Please transcribe the data exactly as shown, skipping the images.
***** DATA SUPPLIED
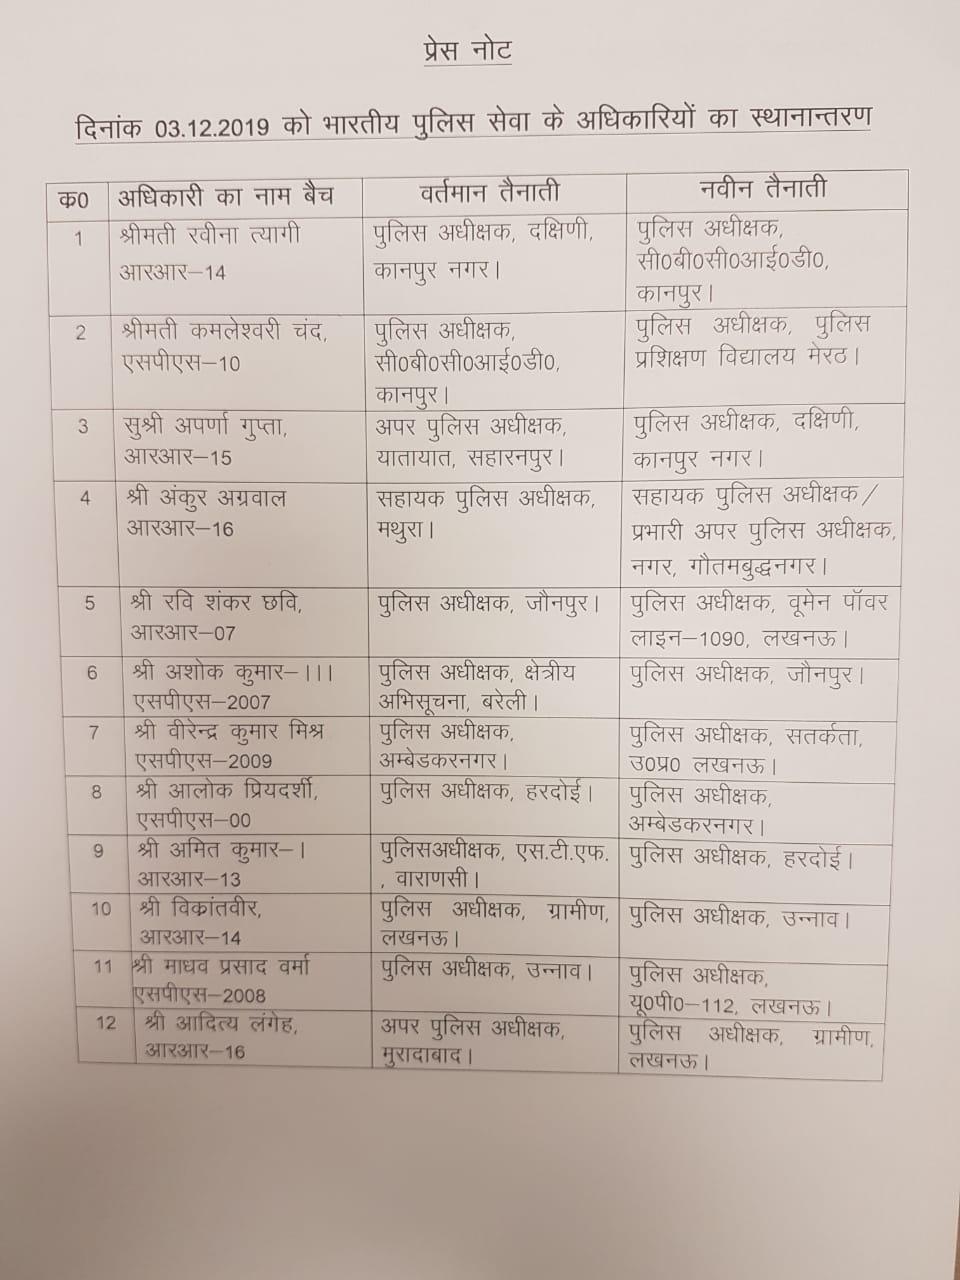 IPS Officials transferred
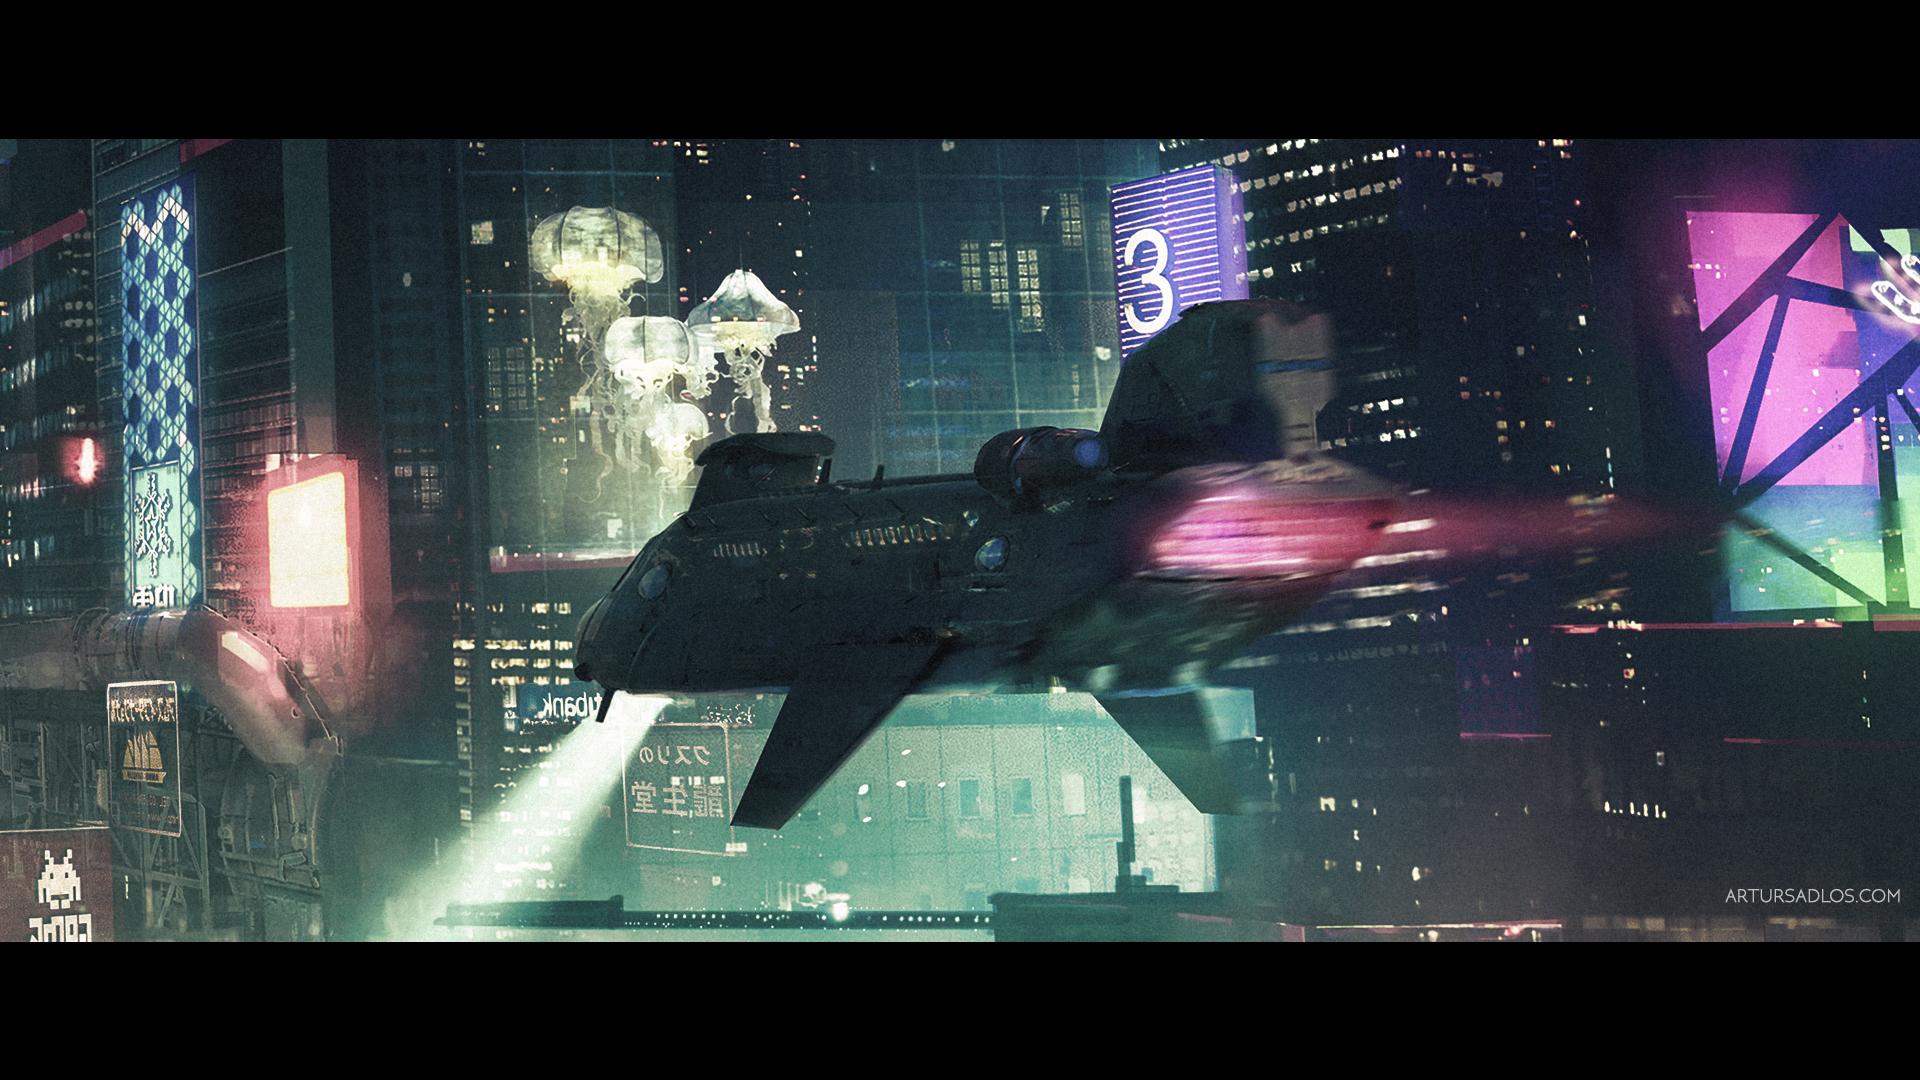 future_tokyo_003_wip004_frame001.jpg
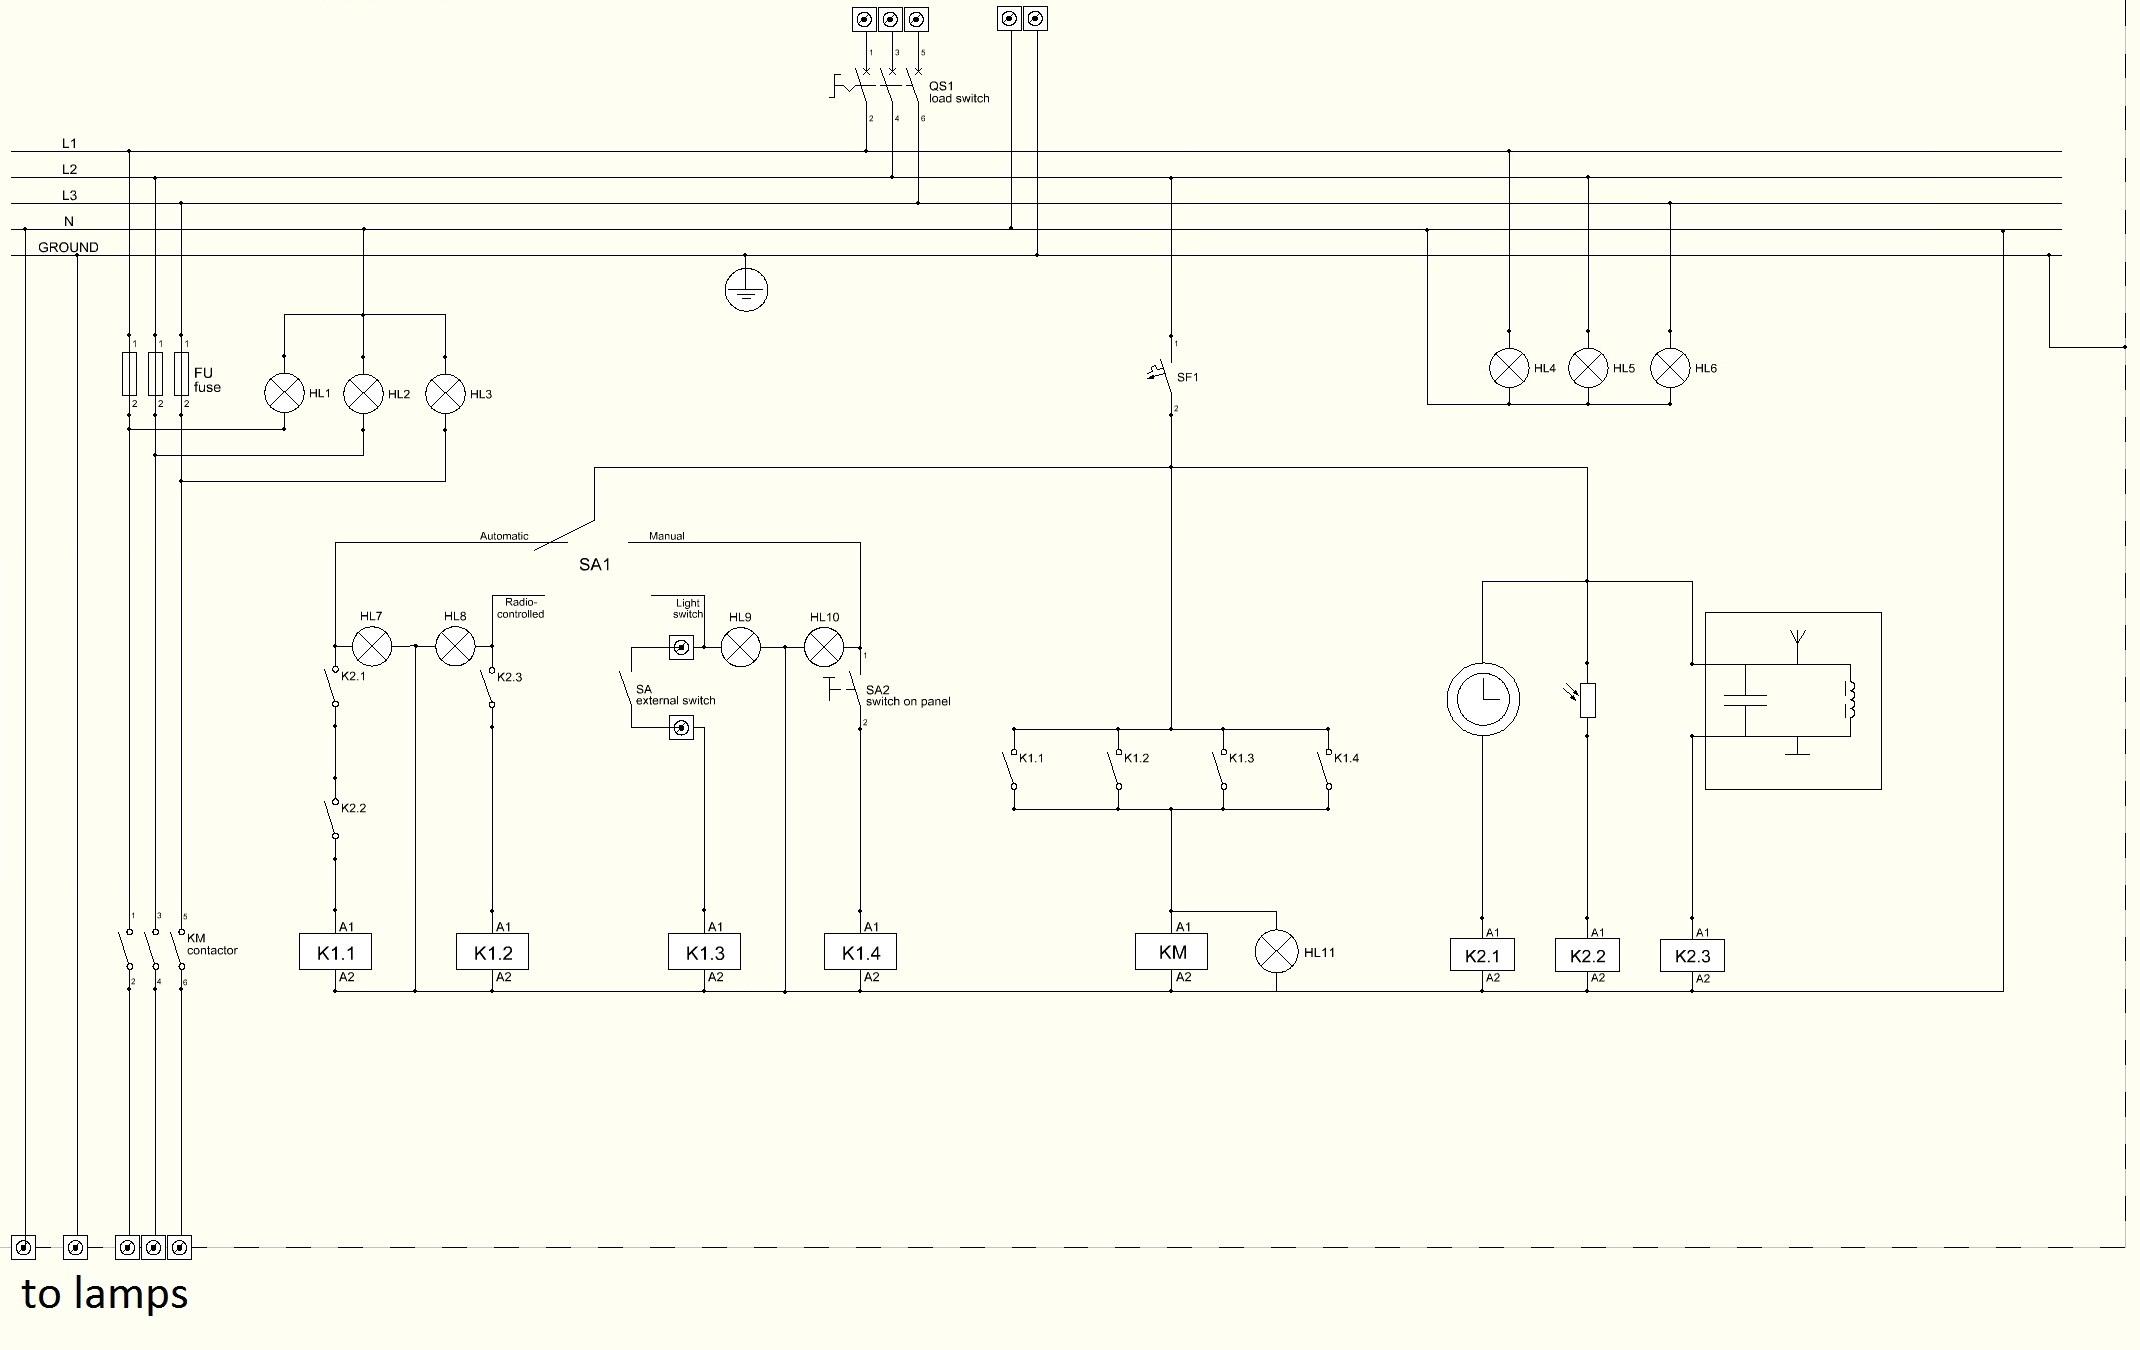 Focus Wiring Diagram Moreover 2014 Ford Focus Radio Wiring Diagram
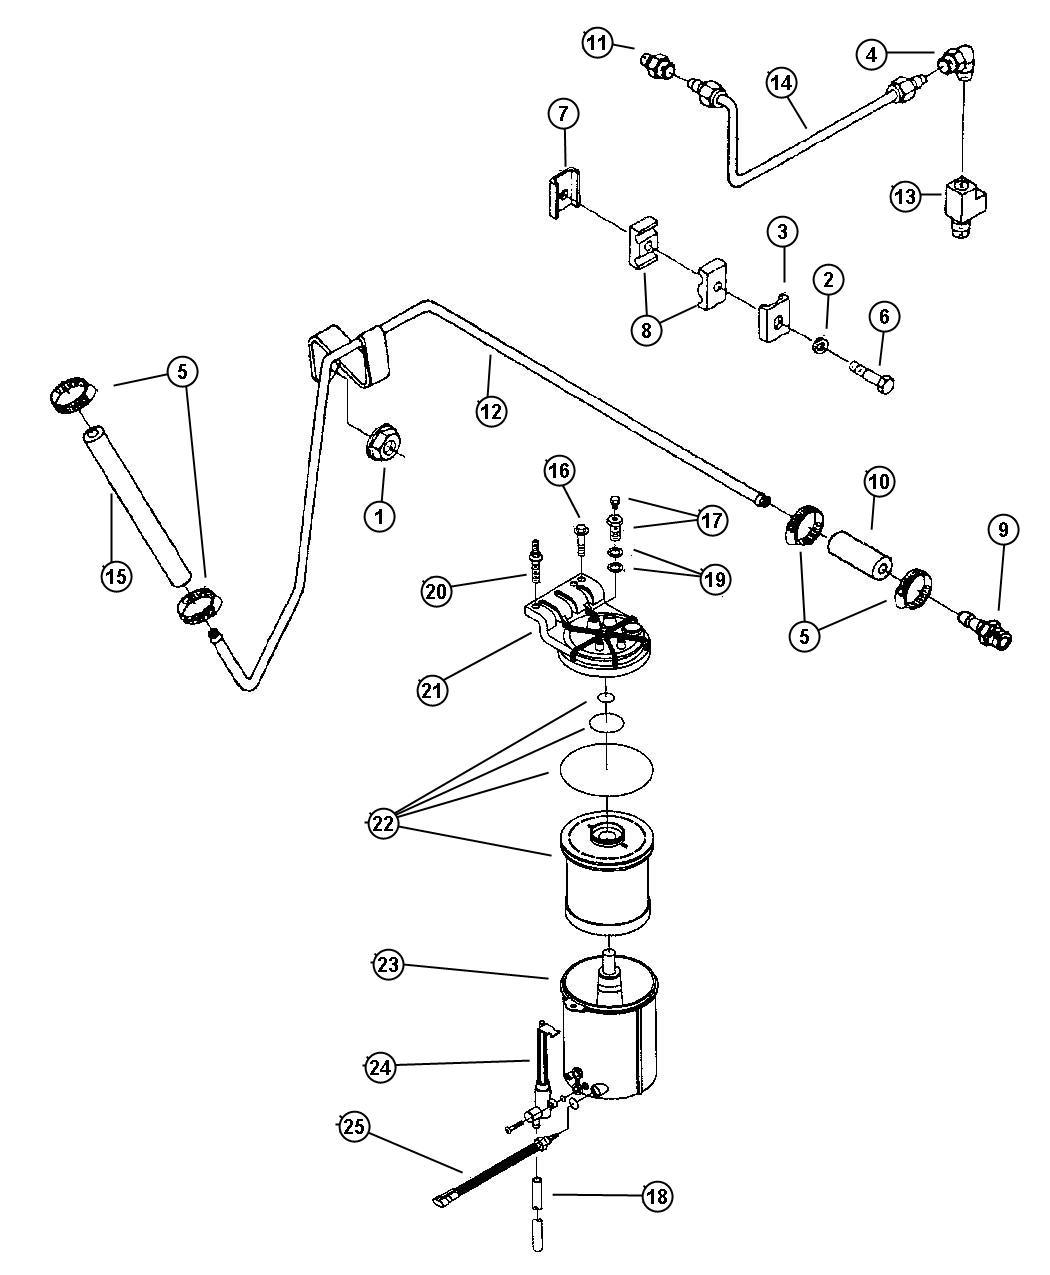 Dodge Ram Air Fuel Control And Fuel Filter
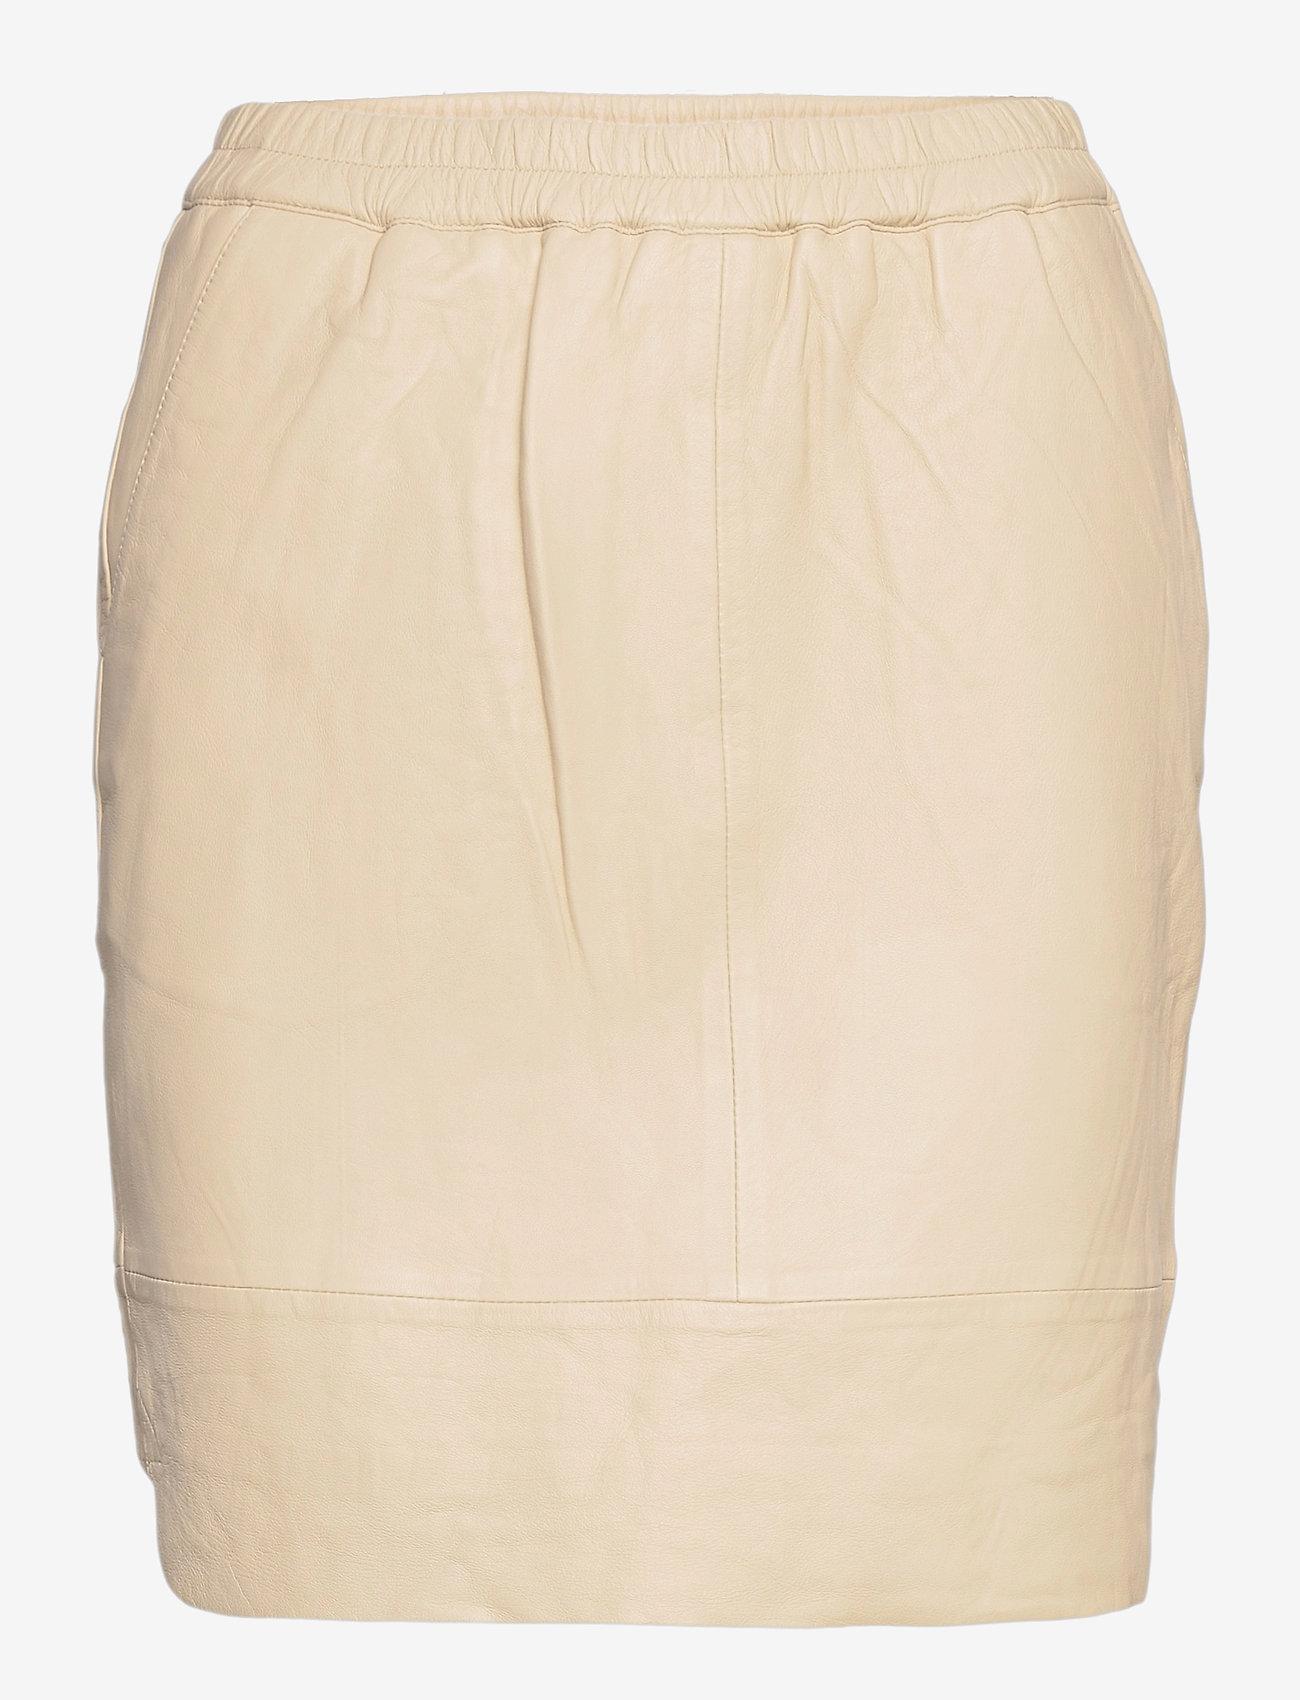 Coster Copenhagen - CC Heart leather skirt (B4514) - korta kjolar - cold cream - 0
**********
THE COMPLETED TASK:
 IPS Officials transferred
 future_tokyo_003_wip004_frame001.jpg
 Focus Wiring Diagram Moreover 2014 Ford Focus Radio Wiring Diagram
 Dodge Ram Air Fuel Control And Fuel Filter
 Coster Copenhagen - CC Heart leather skirt (B4514) - korta kjolar - cold cream - 0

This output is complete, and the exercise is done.